<center><h1>Langchain Demo - Text Analytics QA System</h1></center>

**Notebook Overview:** The following notebook contains the code for creating a QA system using Langchain. The QA system will invoke OpenAI's GPT-3.5 model to answer questions about Text Analytics using a corpus of relevant links collected from the internet via the SerpAPI.
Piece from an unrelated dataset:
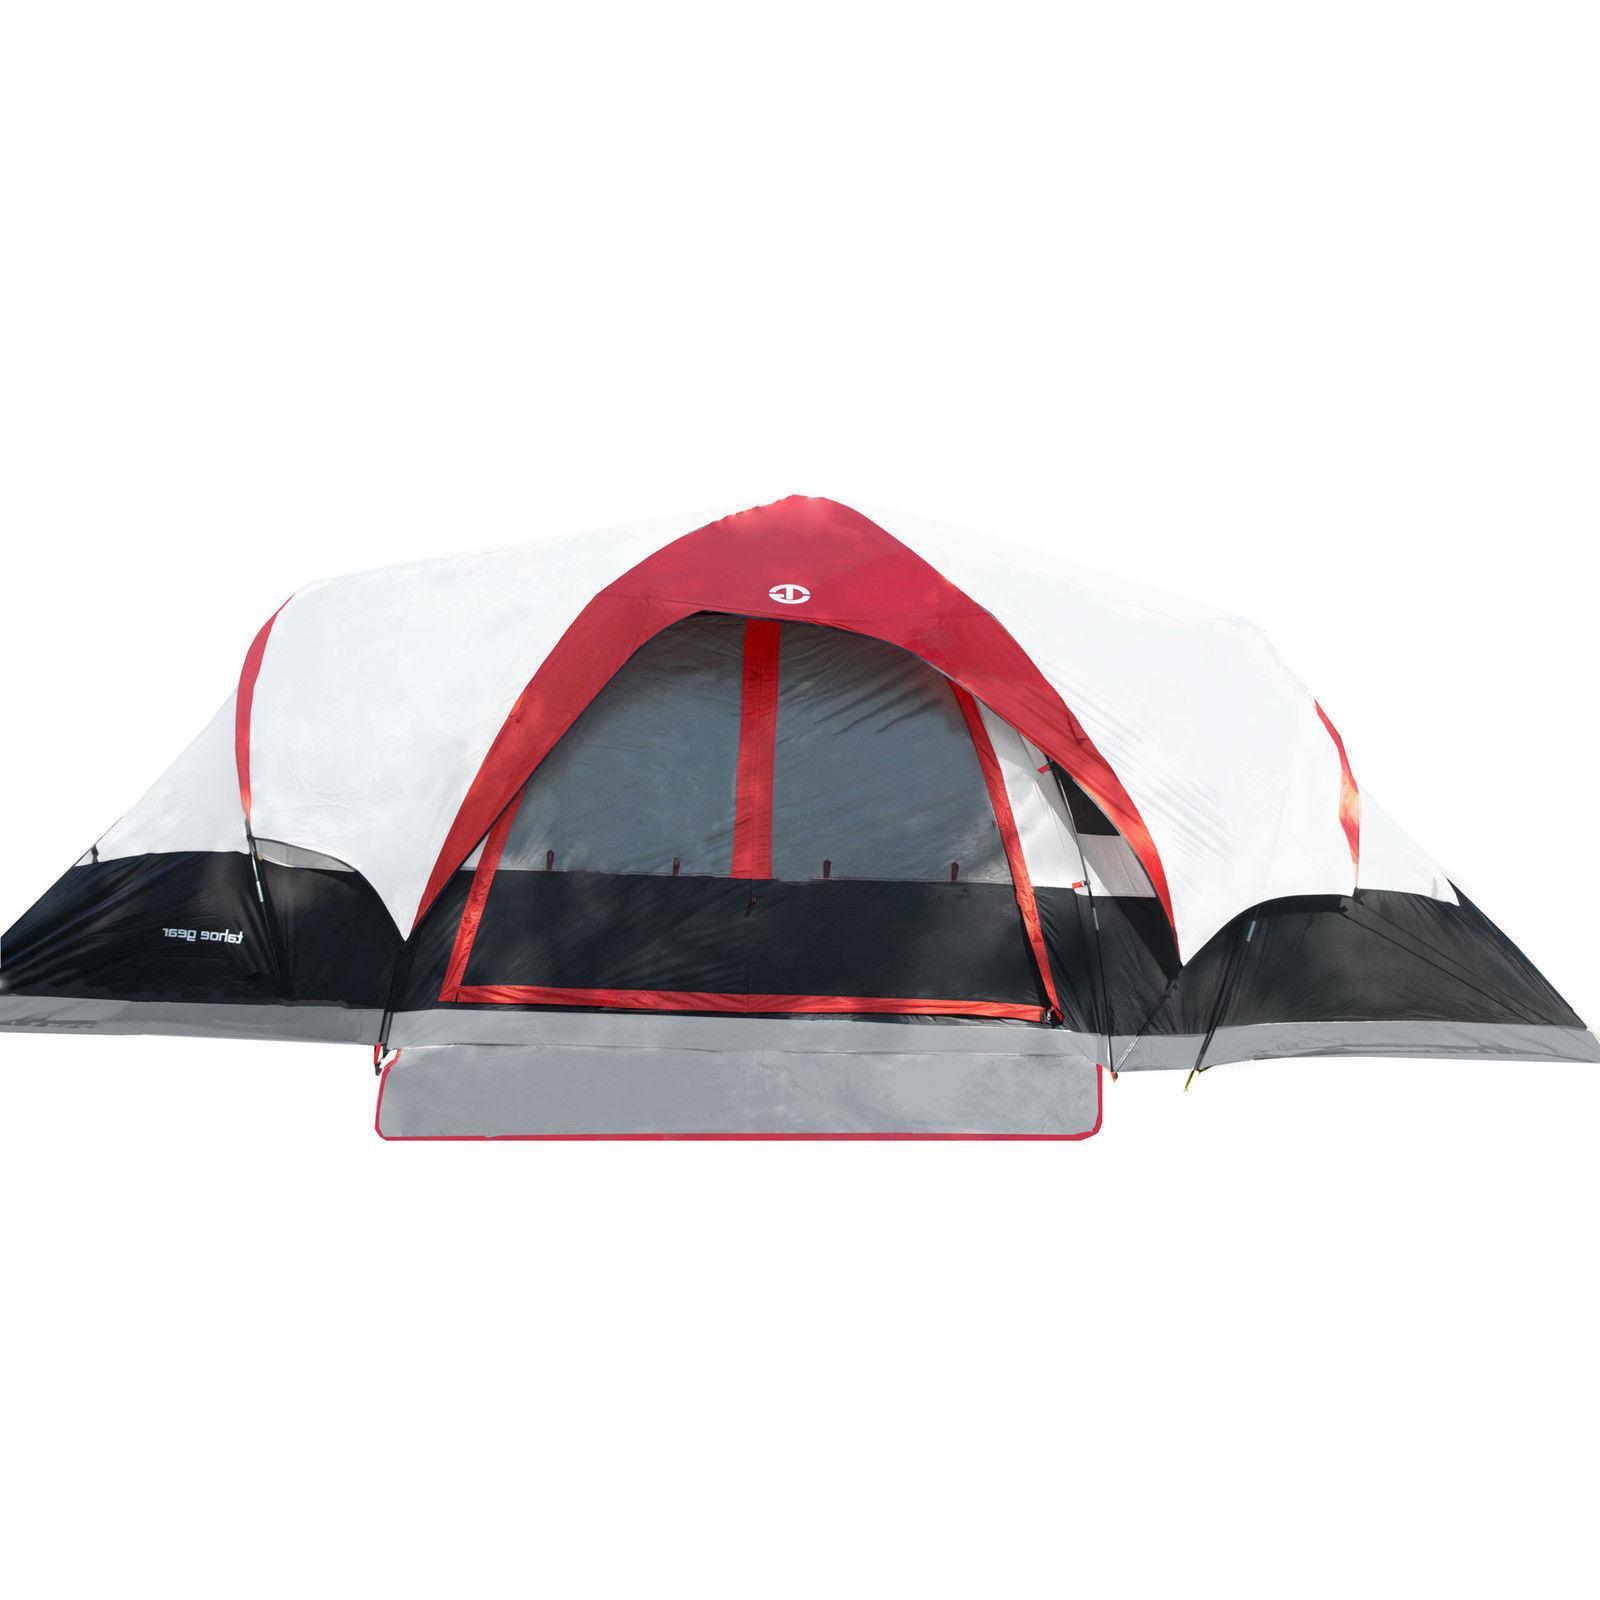 manitoba 14 person camping tent

<h2>Import OpenAI Model</h2>

In [1]:
# import needed libraries
import os
from dotenv import load_dotenv
from langchain_openai import ChatOpenAI

# Load environment variables from .env file
load_dotenv()

# Access the API key
openai_api_key = os.getenv("OPENAI_API_KEY")

# initalize openai model 
llm = ChatOpenAI(openai_api_key=openai_api_key)

<h2> Read in Data from Scraped URLs</h2>

In [3]:
# read data from txt file 
with open('../corpus/web_data/all_urls.txt') as file:
    data = file.readlines()

# parse data for easy loading 
clean_urls = [data[i][:-1] for i in range(len(data))]

print(f'Count of urls: {len(clean_urls)}')

Count of urls: 62


In [4]:
clean_urls[0:10]

['https://monkeylearn.com/text-analysis/',
 'https://www.lexalytics.com/technology/text-analytics/',
 'https://azure.microsoft.com/en-us/products/ai-services/ai-language',
 'https://monkeylearn.com/blog/what-is-text-analytics/',
 'https://www.qualtrics.com/experience-management/research/text-analysis/',
 'https://getthematic.com/insights/5-text-analytics-approaches/',
 'https://www.spotfire.com/glossary/what-is-text-analytics',
 'https://en.wikipedia.org/wiki/Text_mining',
 'https://www.techtarget.com/searchbusinessanalytics/definition/text-mining',
 'https://en.wikipedia.org/wiki/Transformer_(deep_learning_architecture)']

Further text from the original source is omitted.